A little more intuitive approach to come up with the (true) Pythagorean identity:

First calculate all the sides, we have: side of (pentagon, hexagon, decagon) = $(a,b,c)=(\sqrt{\frac{5}{2} - \frac{\sqrt{5}}{2}},1,\sqrt{\frac{3}{2} - \frac{\sqrt{5}}{2}})$ . Note: The formula for the sides is in $cosine$ rather than $sine$ , so it's $side = r\sqrt{2-2\cos{\frac{360^\circ}{n}}}$

You will automatically think of Heron's formula for area given the 3 known sides.

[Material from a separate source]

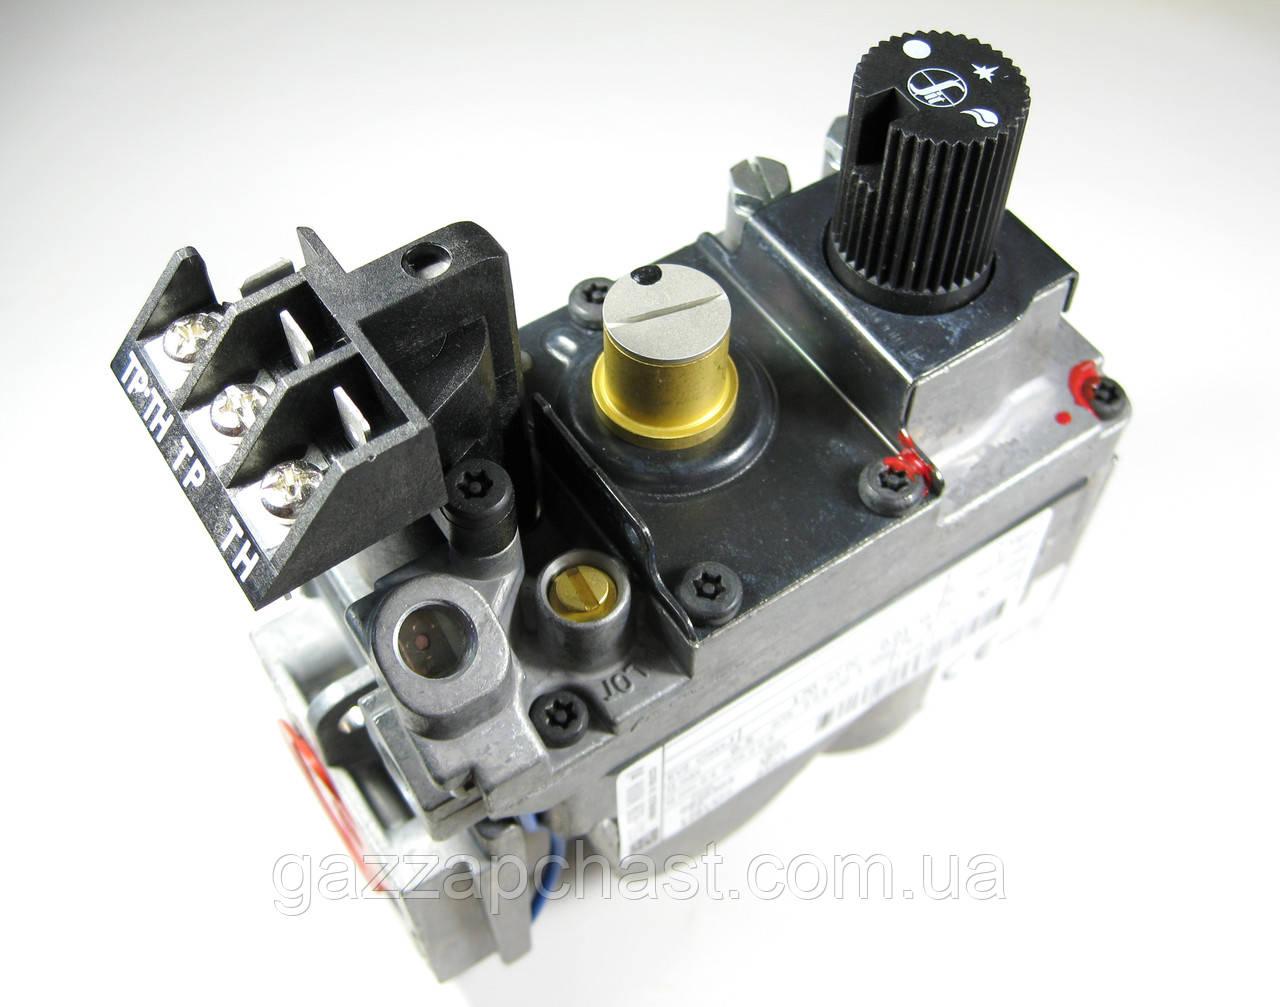 Газовый клапан SIT 820 NOVA mv, для оборудования мощностью до 60 кВт (0.820.303)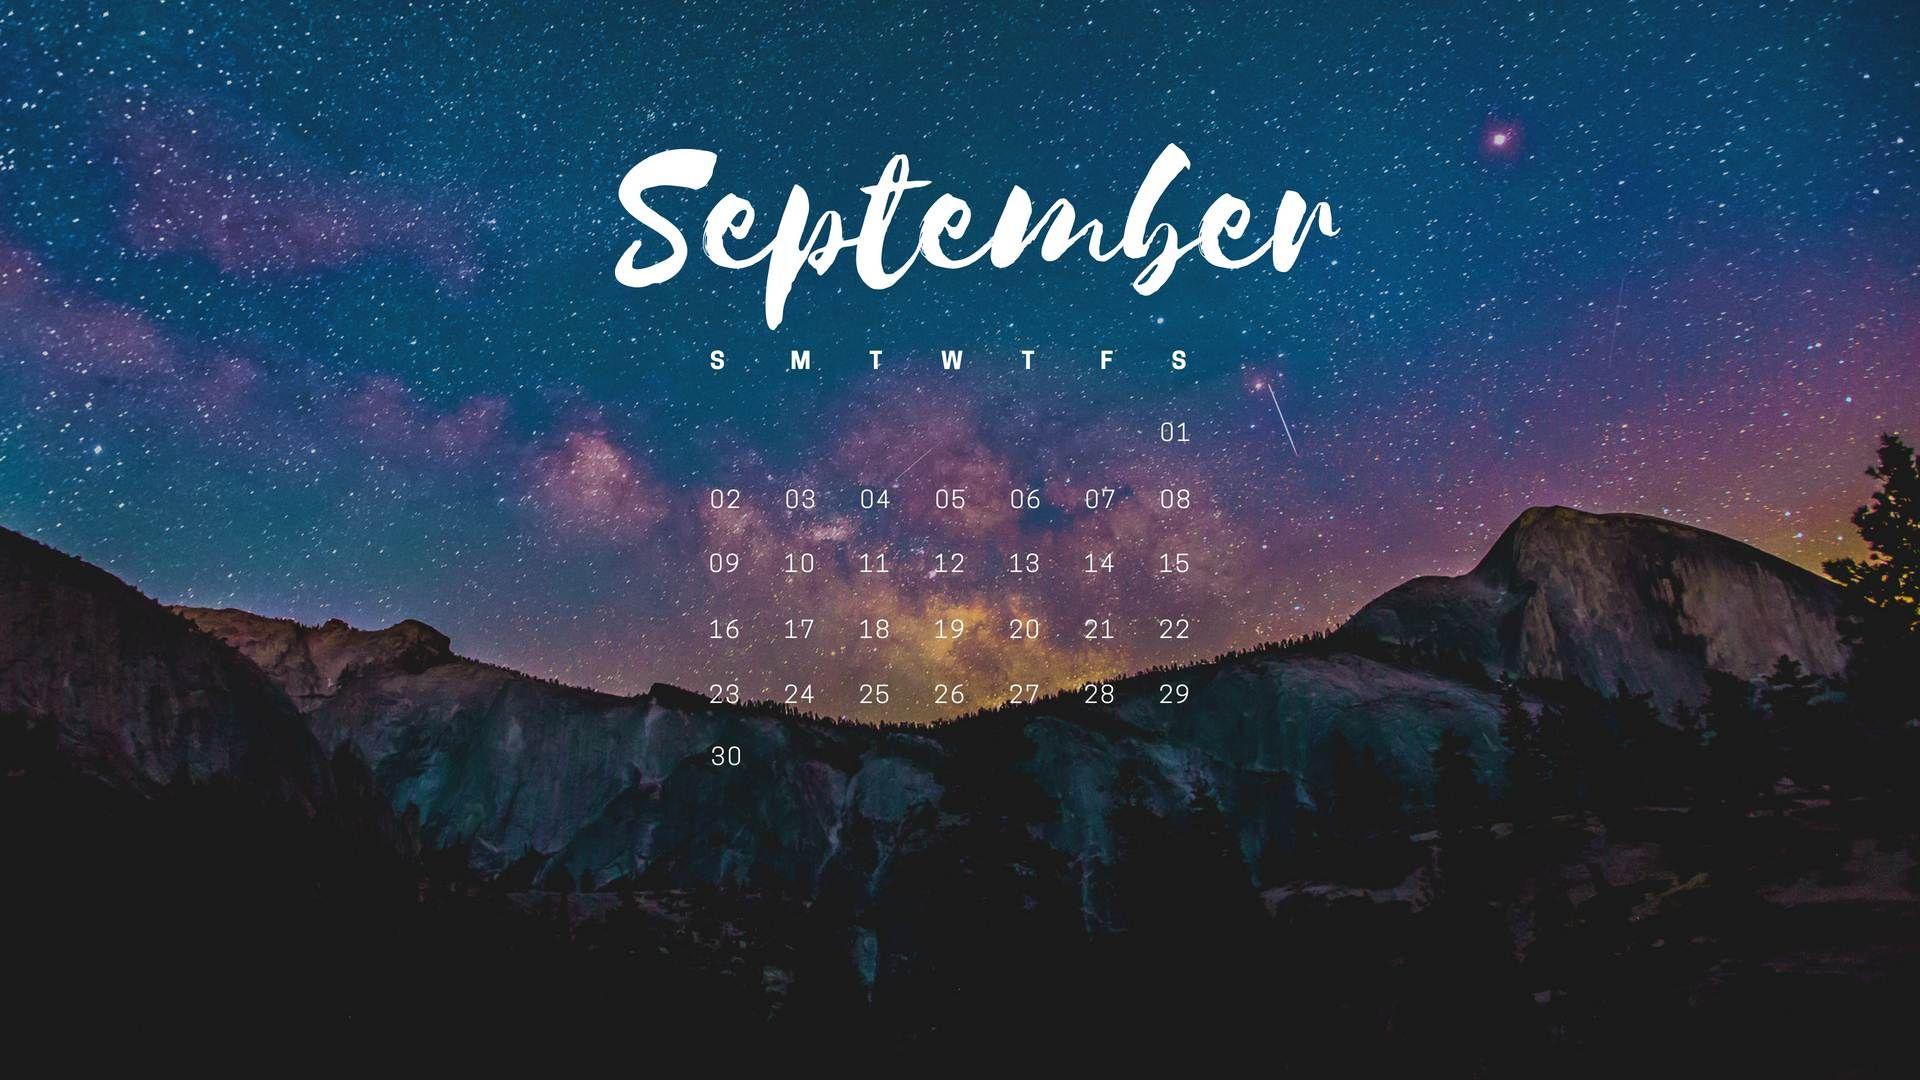 September 2018 On Screen Mobile Pc Desktop Wallpapers September Wallpaper Desktop Wallpaper Calendar Calendar Wallpaper

However, you will see that without knowing the alternate form of Heron's formula, it's gonna be a gore manipulation if not impossible. Anyhow, it's gonna be tedious. So let's take a closer look at the sides, you will see that $a^2 - 1 = b^2$ and $1$ can be replaced by $c^2$ . Thus, $a^2 = b^2 + c^2$ and $\angle(b,c) = 90^\circ$ and hence a right triangle.